De la Vie au cœur de la Terre
Science & Vie Août 2013 N° 1151
La quête des origines relancée
Une nouvelle discipline, la géobiologie
Les géobiologistes n'en finissent pas de découvrir ces dernières années, des organismes
vivants. Ces "intraterrestres" semblent nés de la roche même, au terme de réactions
chimiques souterraines. De quoi bouleverser les origines de la Vie, voire la quête d'une vie
extraterrestre.
Les premières découvertes incontestables d'une Vie intraterrestre datent de 1987, quand les
américains, à la recherche d'un site de stockage de leurs déchets nucléaires (!), lors des
forages profond de 500 mètres, les microbiologistes constatèrent que la roche, loin d'être
stérile, abritait une profusion de microbes.
Et si tout avait commencé dans les grandes profondeurs de la Terre (évidemment cela fait
moins rêver qu'une origine cosmique) ?
Plus les géologues ont creusé profondément dans le sous-sol rocheux de la Terre, plus les
biologistes ont été stupéfaits par la diversité des micro-organismes qu'ils découvraient. Des
micro-organismes qui ont réussi à coloniser ces contrées d'outre-tombe en s'abritant dans les
pores et interstices de la roche, et en s'alimentant souvent de l'énergie chimique résultant du
contact entre les minéraux et l'eau. Et si la Vie n'était pas née sur Terre, mais dans la Terre ?

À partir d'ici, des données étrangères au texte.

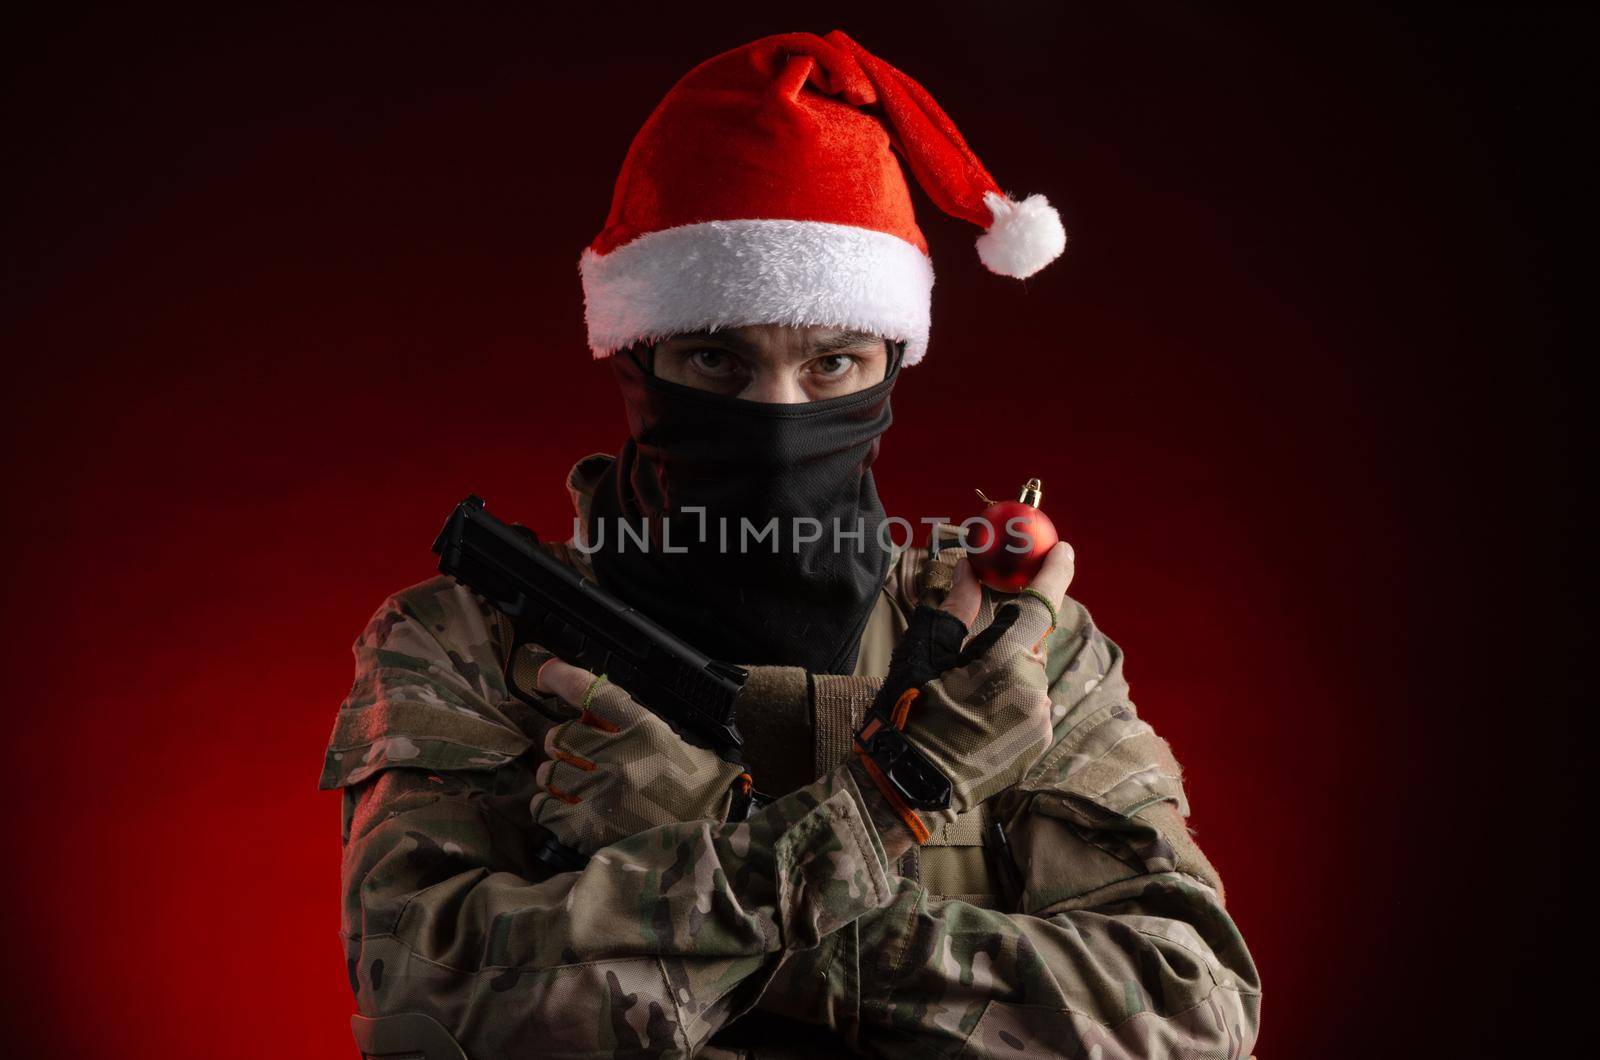 the man in a military uniform with a gun and a Santa Claus hat

Renversant, ce scénario repose pourtant sur un faisceau croissant de résultats issus de
l'expérimentation et d'observations. Les géobiologistes essaient de démontrer que les
conditions environnementales dantesques de ces grandes profondeurs sont propices à
l'apparition de molécules complexes nécessaires à la Vie. Des échantillons de roches prélevés
profondément dans la croûte océanique montrent, à leur surface ou dans les fines veinules
rocheuses qui strient ces blocs, une extraordinaire diversité de molécules organiques. L'origine
de ces molécules ne semble pas toujours être biologique, mais minérale, et que ces sécrétions
rocheuses pourraient même constituer des témoins de réactions chimiques capables de
générer des composés organiques complexes dans les profondeurs de la Terre. Les premiers
résultats des recherches indiquent que les roches du manteau terrestre, placées dans
certaines conditions, sécrètent bel et bien les molécules de la Vie.
D'autres pistes apparaissent pendant les recherches, en particulier celle des sources
hydrothermales océaniques. Situés dans l'obscurité des grands fonds marins, où le magma qui
sort de la roche crée des conditions extrêmes proches de celles qui ont existé sur la Terre
primitive, et où pourtant, toutes sortes d'organismes prospèrent. La réaction chimique
(serpentinisation) associé à cet hydrothermalisme sous-marin est connue depuis longtemps.
Pour certains, cette serpentinisation pourrait produire les ingrédients nécessaires à la Vie.
D'abord la serpentinisation génère de la chaleur et provoque un gonflement important : à
mesure qu'elle s'hydrate, la roche se craquelle et accroît son volume ce qui engendre de
multiples fractures dans lesquelles l'eau de mer va pénétrer et circuler, s'échauffant,
transportant et échangeant toutes sortes d'éléments chimiques avec la roche, avant de
ressortir dans les sources hydrothermales.
Mais pour naître, la Vie a encore besoin de deux éléments décisifs : d'abord d'une
compartimentation, car un être vivant est nécessairement le siège de réactions chimiques
nombreuses et rapides. S'il n'y a pas une enveloppe autour de cette biochimie naissante, elle
finit par s'arrêter quand les molécules ne sont plus en contact. Il faut ensuite, c'est le rôle tenu
par l'ADN dans les organismes modernes, des molécules capables de porter l'information et
de la transmettre. Les roches résolvent ce besoin de compartimentation (pores et cavirés).
Des structures de ce type peuvent très bien former des sortes de récipients où certains
composés se concentreraient, où l'information serait stockée et où, peu à peu, une
"membrane" se mettrait en place et à terme les premières cellules.